Mais uma vez, Clarice Lispector não desilude o leitor. Gostei muito da maneira como ela nos faz reflectir sobre a vida. 

“De algum modo já aprendera que cada dia nunca era comum, era sempre extraordinário, E que a ela cabia sofrer o dia ou ter prazer nele. Ela queria o prazer do extraordinário que era tão simples de encontrar nas coisas comuns: não era necessário que a coisa fosse extraordinária para que nela se sentisse o extraordinário.” (p.97)




26 março, 2019

Nomes da Noite de Lília Tavares



SINOPSE



Sob o signo da noite, Lília Tavares, em cada poema deste 5.º livro de poesia não reproduz o dizível, mas permite o indizível.

A autora desabriga-se no avesso da pele das suas memórias que numa eternidade gasta e passada a quiseram ocultar. O eu-poético, embora contido, traz à luz a sua ambivalência que se exprime mediante recursos simbólicos. A incompletude habita as suas raízes: vivências, memórias, viagens, amores. 
Ainda são nocturnas estas viagens, revela. Menina e depois mulher, a autora decompõe-se em matéria subjectiva, como um todo desconhecido. A sua poesia serve-se de alguma economia das palavras para desconstruir uma teia de silêncios, entrelaçada em fios de desejo, de amores e de veredas. 
Num novelo cingido pelo prefácio de Carlos Campos, desfiam-se 70 poemas onde se entremeiam 7 fotografias repletas de significado de Paulo Eduardo Campos, também ele poeta. 

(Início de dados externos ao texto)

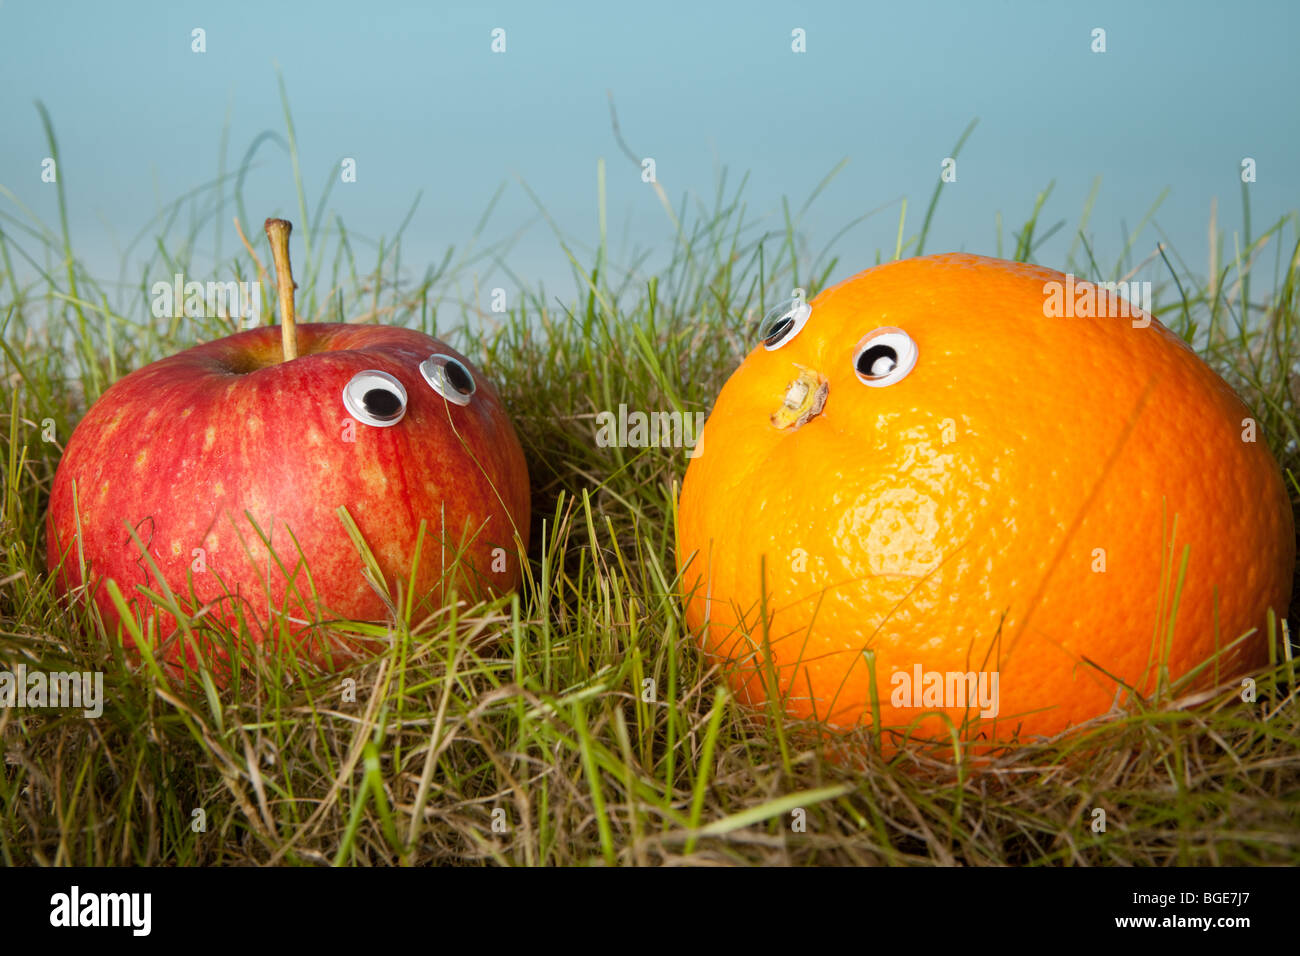 Apple et d'orange avec Smiley yeux in Green grass Banque D'Images

À sombra de uma dessas imagens, pode ler-se: 

«Acordo nas ervas, anoiteço barco, 
como árvore e terra despertaria amanhã.»



OPINIÃO


Apesar de ser de Sines, não conhecia Lília Tavares. Foi através do meu livreiro, Joaquim Gonçalves, que tomei conhecimento da apresentação do livro Nomes da Noite na sua livraria e com a presença da autora. Como sempre o tento fazer, leio previamente o livro em causa, em jeito de preparação. 



E em boa hora o fiz porque fui agradavelmente surpreendida. Trata-se de um livro de poesia, dividido em cinco partes com um total de 71 poemas e 7 fotografias, estas de Paulo Eduardo Campos. 
A noite, como o título o indica, é o elemento principal do livro. A sua presença regista-se em 65 poemas, quer através da palavra “noite” quer por outras de mesmo significado, tais como: lua, luar, lunar, nocturno, anoitecer, pernoitar. Nos outros 6 poemas, surge quase sempre a ideia de sol, manhã, dia, luz, amanhecer, isto é, o desejo, o encontro do “tu”, do “outro”, o recomeço, o despir da noite (“O amanhecer despe a noite como uma camisa de cambraia.” ; “ O amanhã trará no colo uma braçada de flores.”)
Poder-se-ia pensar que se trata de uma escrita triste, soturna, mas não, estamos perante uma escrita sensorial e intimista. A noite é melancolia, desassossego, inquietude, solidão, silêncio, abrigo, nudez, amor, corpos, cores, frutos, flores, mar, vento, espuma… 

A noite é confidente, é cúmplice (“Noite semente, companheira, lugar, / amante que nos alberga e nos enlaça.”), é a personificação do “eu” (“Nos meus lugares espalhados. / Em partículas de mim. Eu. O outro nome da noite.”), mas também do “outro” (“o teu nome é a noite”; “ Este quarto tem a textura da noite. / Os dedos escrevem-te, beijam-te e/ tornam presentes os rumores da tua ausência.”). 



E termino com este monóstico que serve de legenda a uma das 7 fotografias: "A lua cuida sempre de quem adormece nas linhas de um livro".